Reflecting on Child Protection policies in Africa

By Constance Ndeleko

Africa is going through its most dynamic growth period in recent times. The continent has achieved growth rates above 6% for most of the past decade, making Africa one of the fastest-growing regions in the world today.

Children in Africa make half of the continent’s overall population whereby protecting and promoting their rights, wellbeing and development is paramount for the future.

Article 19 of the UN Convention on the Rights of the Child asserts a child’s right to protection ‘from all forms of physical or mental violence, injury and abuse, neglect or negligent treatment, maltreatment or exploitation, including sexual abuse, while in the care of parent(s), legal guardian(s) or any other person who has care of the child.’

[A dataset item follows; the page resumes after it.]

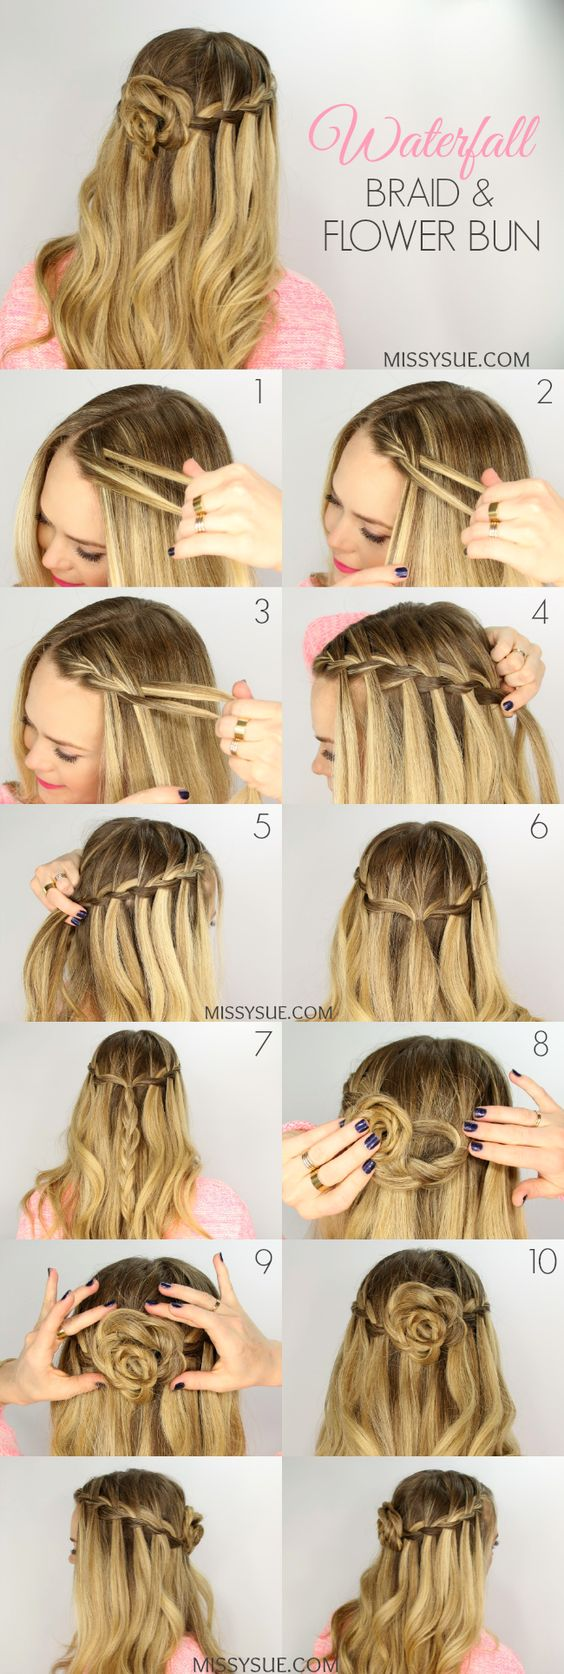 20 waterfall braid tutorials adding beautiful twists and

There are four articles in the convention known as the “General Principles” that help to interpret all the other articles and play a fundamental role in realizing all the rights in the Convention for all children. They are:

  • Non-discrimination (article 2)
  • Best interest of the child (article 3)
  • Right to life survival and development (article 6)
  • Right to be heard (article 12)

The Convention also comprises additional number of agreements exceptional to children rights which are optional for countries – they are called “Optional Protocols”. They include:

The Optional Protocol on the involvement of children in armed conflict-This requires governments to increase the minimum age that children can join the armed forces from 15 years and to ensure that members of their armed forces under the age of 18 do not take a direct part in armed conflict.

The Optional Protocol to the Convention on the sale of children, child prostitution and child pornography-This provides detailed requirements for governments to end the sexual exploitation and abuse of children. It also protects children from being sold for non-sexual purposes, such as other forms of forced labor, illegal adoption and organ donation.

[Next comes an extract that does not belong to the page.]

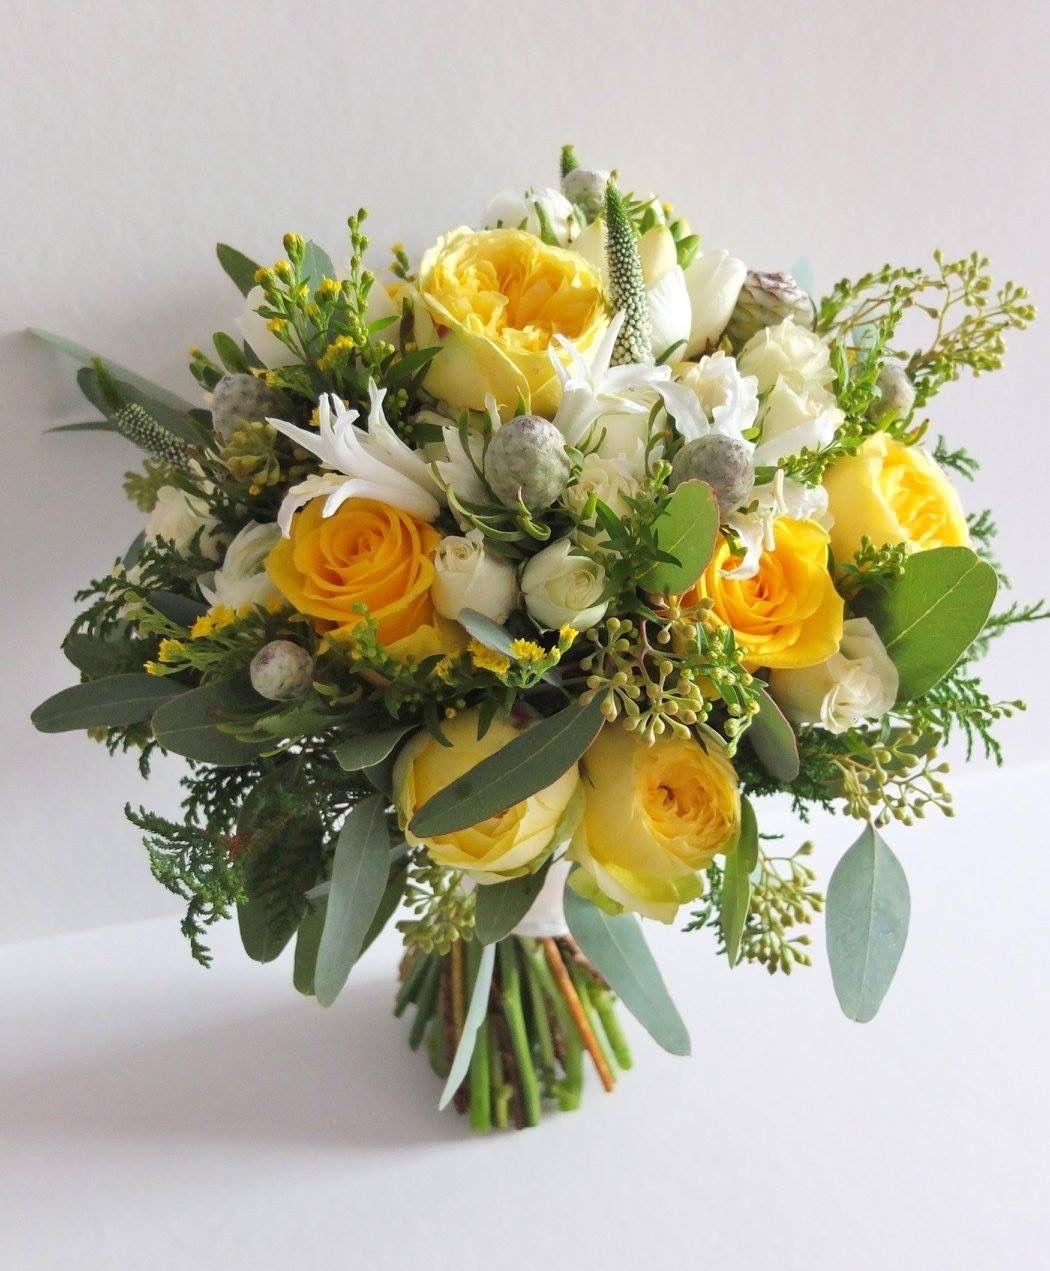 Beautiful Flower Arrangements For Weddings: Beautiful Flower Arrangement

The Optional Protocol on a communications procedure-This allows children to submit a complaint to the United Nations when their rights have been violated and their own country’s legal system were not able to offer a solution.

There has been a growing interest in applying the systems approach to strengthening child protection efforts. Guided by the Convention on the Rights of the Child, the systems approach shifts attention to a larger systemic framework that includes legal and policy contexts, institutional capacity, community contexts, planning, budgeting and monitoring and evaluation subsystems. This approach differs from child protection efforts that focus on single thematic issues, such as HIV/AIDS, disability, child trafficking, street children, child labor, emergencies and institutionalization. These single-issue approaches often result in a fragmented and unsustainable child protection response. (Child protection system in sub-Saharan Africa). Most countries in Sub-Saharan Africa have initiated some degree of child protection system strengthening work that reflects the local realities and complexities of the formal and informal actors.

The achievement of Africa’s Agenda 2063 with its vision to ‘build an integrated, prosperous and peaceful Africa, an Africa driven and managed by its own citizens and representing a dynamic force in the international arena’ is incumbent on a plethora of variables. One of them is an enabling environment for progress to take place. Certainly conflict, violence and insecurity impede progress and causes developmental regression. Further, it is uncontested that conflict situations pave way for the most egregious child rights violations and abuses. To the continent’s dismay, the intensity of violence in Africa, in recent times, has been driven largely by the prevalence of small arms and light weapons (SALWs) from foreign suppliers, arms manufactured by African governments and those made by local artisans. The disconcerting reality is that despite the untold suffering and loss of every kind, conflicts are not relenting, with each of the five regions plagued by one nature of conflict or another. Seeds that these conflicts are leaving will be harvested by the children through excruciating pain. (AU Child protection)

A challenge in the child protection sector is managing multiple partners and interests, which, though essential, can sometimes make it hard to reach the agreement required to put plans and actions into operation.

As child protection system strengthening is not a priority imposed on countries but rather a demand driven process, the degree of political will is an indicator of the availability of a political space for a paradigm shift in child protection programming.

While countries have made significant progress to strengthen and build child protection systems, there remain a number of challenges in the process of developing formal national strategies. First, although significant effort has been made to support systems mapping and assessments, less support and guidance has been developed to date to support post-mapping work.

Child welfare committees and networks are other mechanisms that a number of countries are using to better achieve a link between the formal and informal systems and address equity and access.

Community protection responses are the first line of protection for children. Research and anecdotal information has clearly indicated that many of the problems with children can be, and often times are, resolved between families within communities. Although this may not always have the best outcome for children, there are endogenous practices that have positive outcomes for children and families. And in cases where they may be harmful or norms may be exclusive, they can more realistically be shaped when there is full engagement and mutual respect at the ground level.

Systems strengthening work means that leaders and practitioners take a holistic view of interventions. They are able to discern that an intervention aimed at one element of the system requires aligned interventions in other areas, increasingly the likelihood of long-term success while strengthening the system and leveraging scarce resources more carefully.

Child protection involves more than keeping children safe; it is a whole communal role and responsibility towards a child’s wellbeing and development.